Se obtuvo una sonda para CTGF marcada con ^{32}P verificada, que se correspondía con el extremo 3' del producto principal de traducción de hCTGF previsto, mediante reacción en cadena de la polimerasa con la transcriptasa inversa del ARN de fibroblastos de prepucio humano usando los cebadores sentido y complementario, 5'-GCCGTCTA
GAGCGGCCGCATGGAAGAGAACATTAAGAAGGG-3' (SEC ID Nº 3) y 3'-CCTCTGTACCGTACTTAAGCGCC
GGCGACC-5' (SEC ID Nº 4), respectivamente. La sonda se usó para analizar 10^{6} placas, dos de las cuales mostraban hibridación reproducible y se aislaron usando un kit de escisión rápida (Stratagene). Se obtuvieron dos clones de CTGF de cerdo pBluescript SK de \sim5,0 kilo pares de bases, denominados pBSK-pBSK-pCTGF1 y pBSK-p-pCTGF2 y se usaron para las reacciones iniciales de secuenciación. A continuación, pBSK-pCTGF1 se secuenció por completo mediante una combinación de secuenciación manual y automática por terminadores de cadena dideoxi (Sanger, F. y col., Proc. Natl. Acad. Sci. U.S.A. 74, 5463-5467 (1977)). Se obtuvieron los datos de secuencia de ambas cadenas de ADN. Las secuencias de HBGF-0,8-P1 y P2 se enumeran en la Tabla 2.
Se determinó que el ADNc de CTGF de cerdo clonado tenía 1,51 kilopares de bases, con una fase de lectura abierta de 1.047 pares de bases. Se prevé que el producto de traducción principal de pCTGF comprenda 349 aminoácidos y contenga la secuencia del péptido HBGF-0,8 entre los restos 247 y 262 (Tabla 2). A nivel de aminoácidos, pCTGF es aproximadamente \sim92% idéntico a fisp-12 y a hCTGF. Tras la escisión de su supuesto péptido señal de 26 restos, se prevé que pCTGF comprenda 323 aminoácidos y contenga 38 restos de Cys que estén muy conservadas en hCTGF y fisp-12.

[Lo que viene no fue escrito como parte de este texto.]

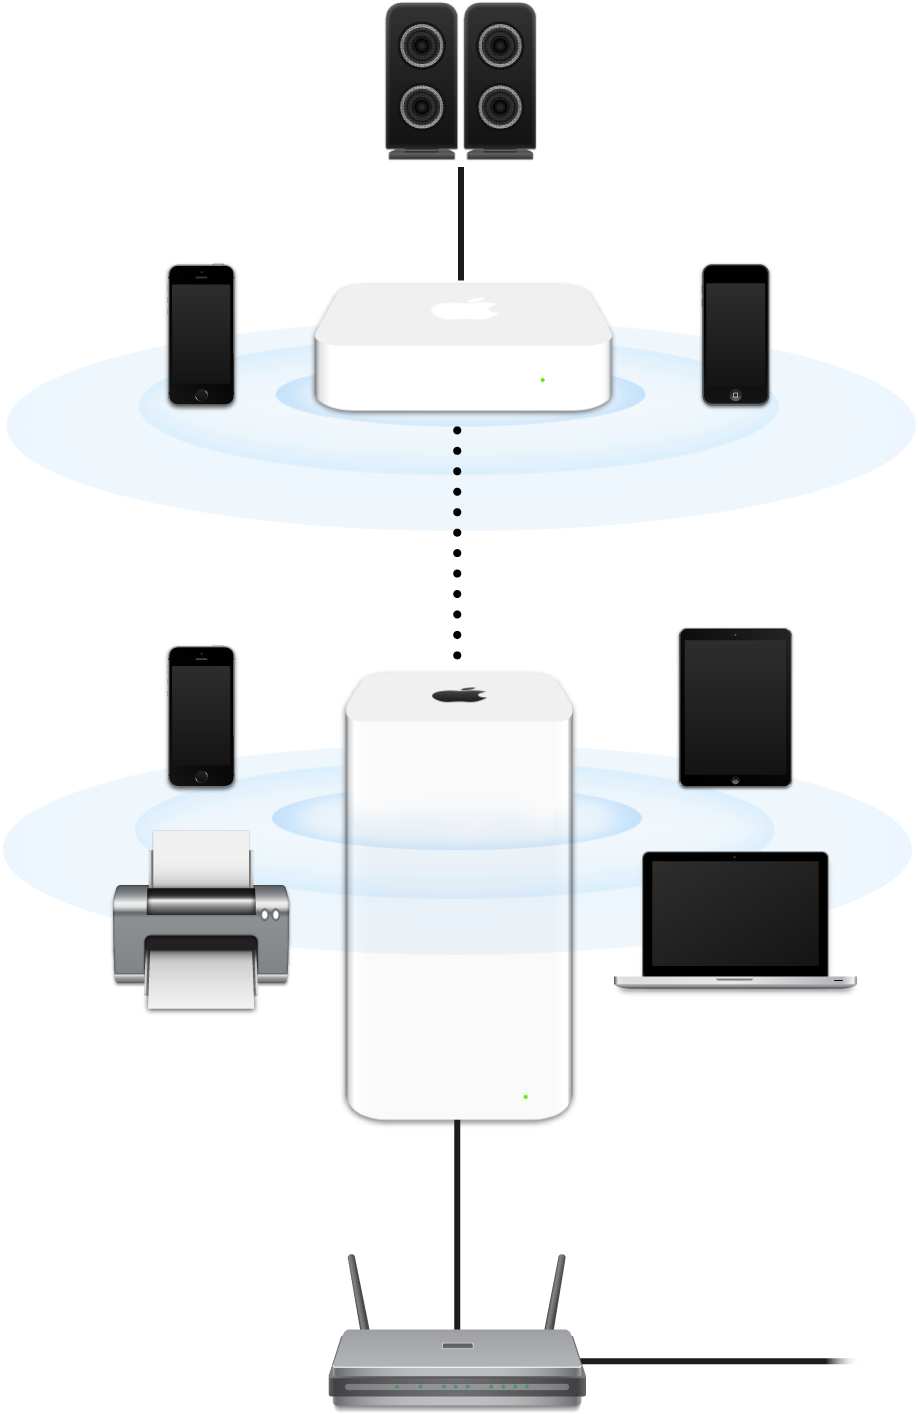 Una rete estesa, con AirPort Extreme e AirPort Express collegati a un modem e in comunicazione con vari dispositivi.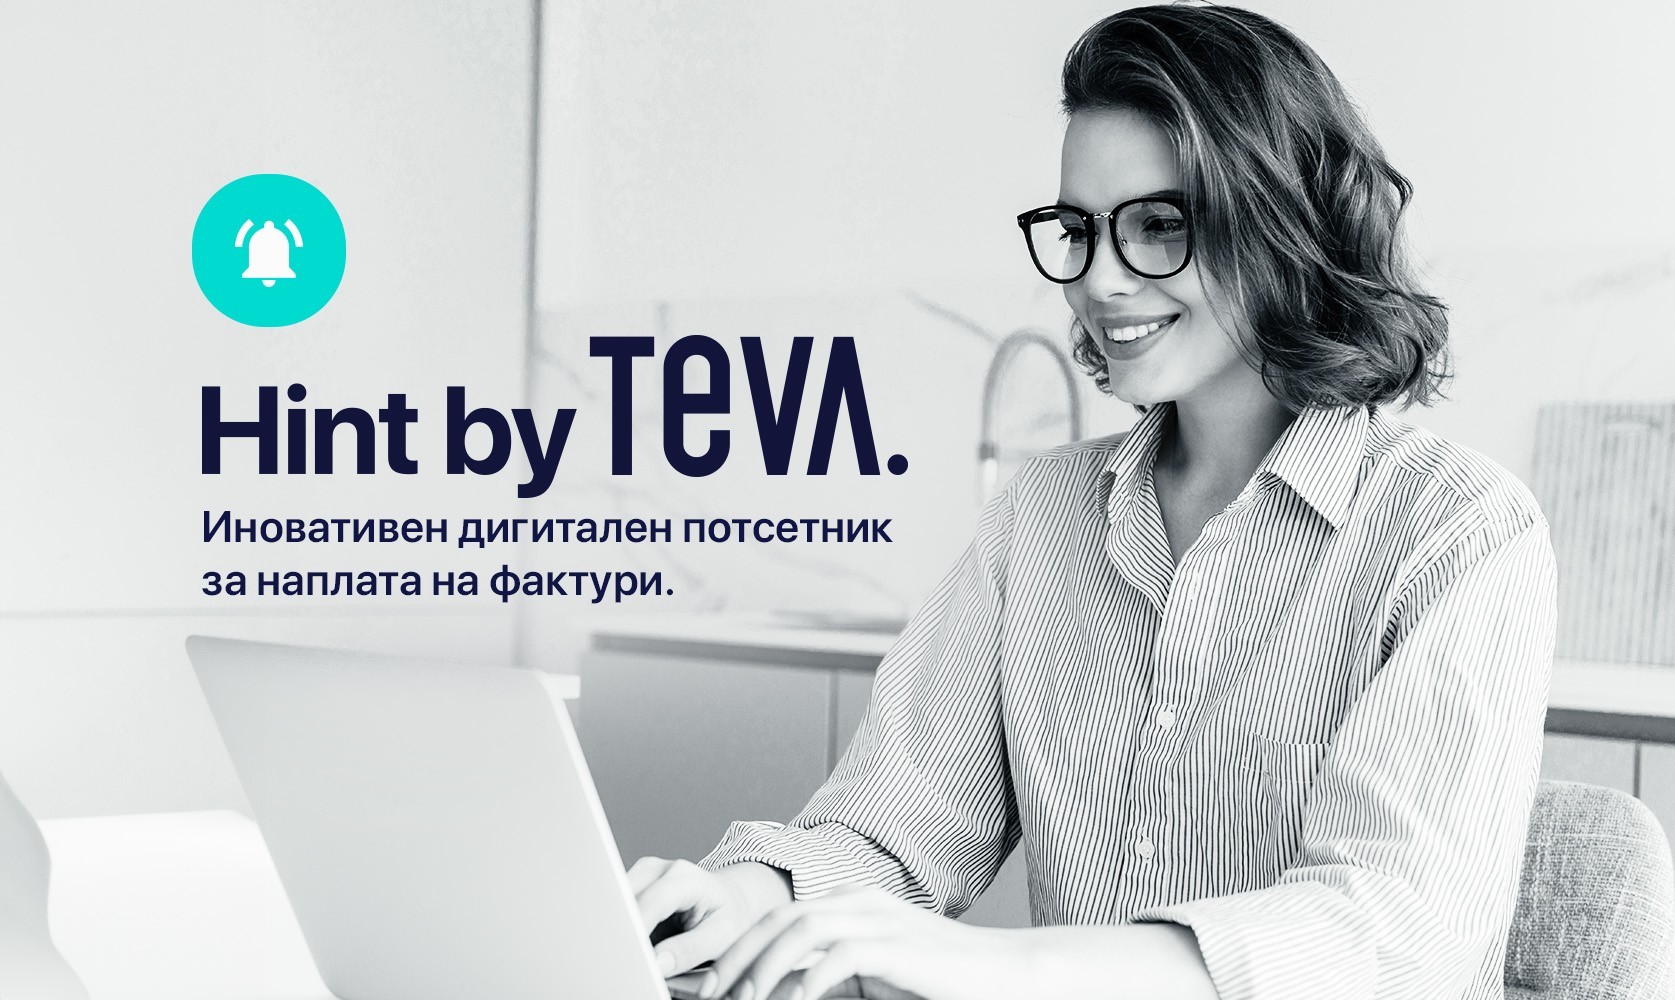 Иновативниот дигитален потсетник Hint by Teva ја трансформира наплатата на фактури кај голем број компании во Македонија

Ejemplo 3 Producción de anticuerpos frente a HBGF
Puesto que los HBGF representan formas microheterogéneas del CTGF truncado, se investigó la relación entre HBGF y CTGF. La presencia de la proteína de 10 kDa en el material inicial se confirmó mediante inmunotransferencia de las muestras de LLU no fraccionadas usando un anticuerpo anti-CTGF que reaccionaba con los polipéptidos HBGF purificados por HPLC.
Para obtener el anticuerpo se sintetizó un péptido de CTGF antigénico múltiple de cuatro ramas (247-260) que comprendía la secuencia EENIKKGKKCIRTP (restos 247-260) (SEC ID Nº 5) en un sintetizador de péptidos Synergy 432A (Applied BioSystems) y se purificó mediante HPLC en fase inversa usando una columna C_{18} (0,46 x 36 cm; Rainin Instruments) que se desarrolló con un gradiente de acetonitrilo del 5 al 95% durante 90 min en agua, con ácido trifluoroacético al 0,1%. Las fracciones que contenían los polipéptidos purificados se mezclaron, evaporaron hasta la sequedad y reconstituyeron en agua estéril. Se inyectaron dos conejos blancos New Zealand (conejos A y B), que habían sido sangrados para recoger el suero preinmune, subcutáneamente con 1 mg de polipéptido en adyuvante completo de Freund, seguido 3 semanas después de una inyección intramuscular de 250 \mug del polipéptido en adyuvante incompleto de Freund. Los animales se sangraron 7 días después para recoger el antisuero. La reactividad de los antisueros se validó mediante inmunotransferencia e inmunoprecipitación. El suero preinmune y el antisuero del conejo A se usaron en estos experimentos.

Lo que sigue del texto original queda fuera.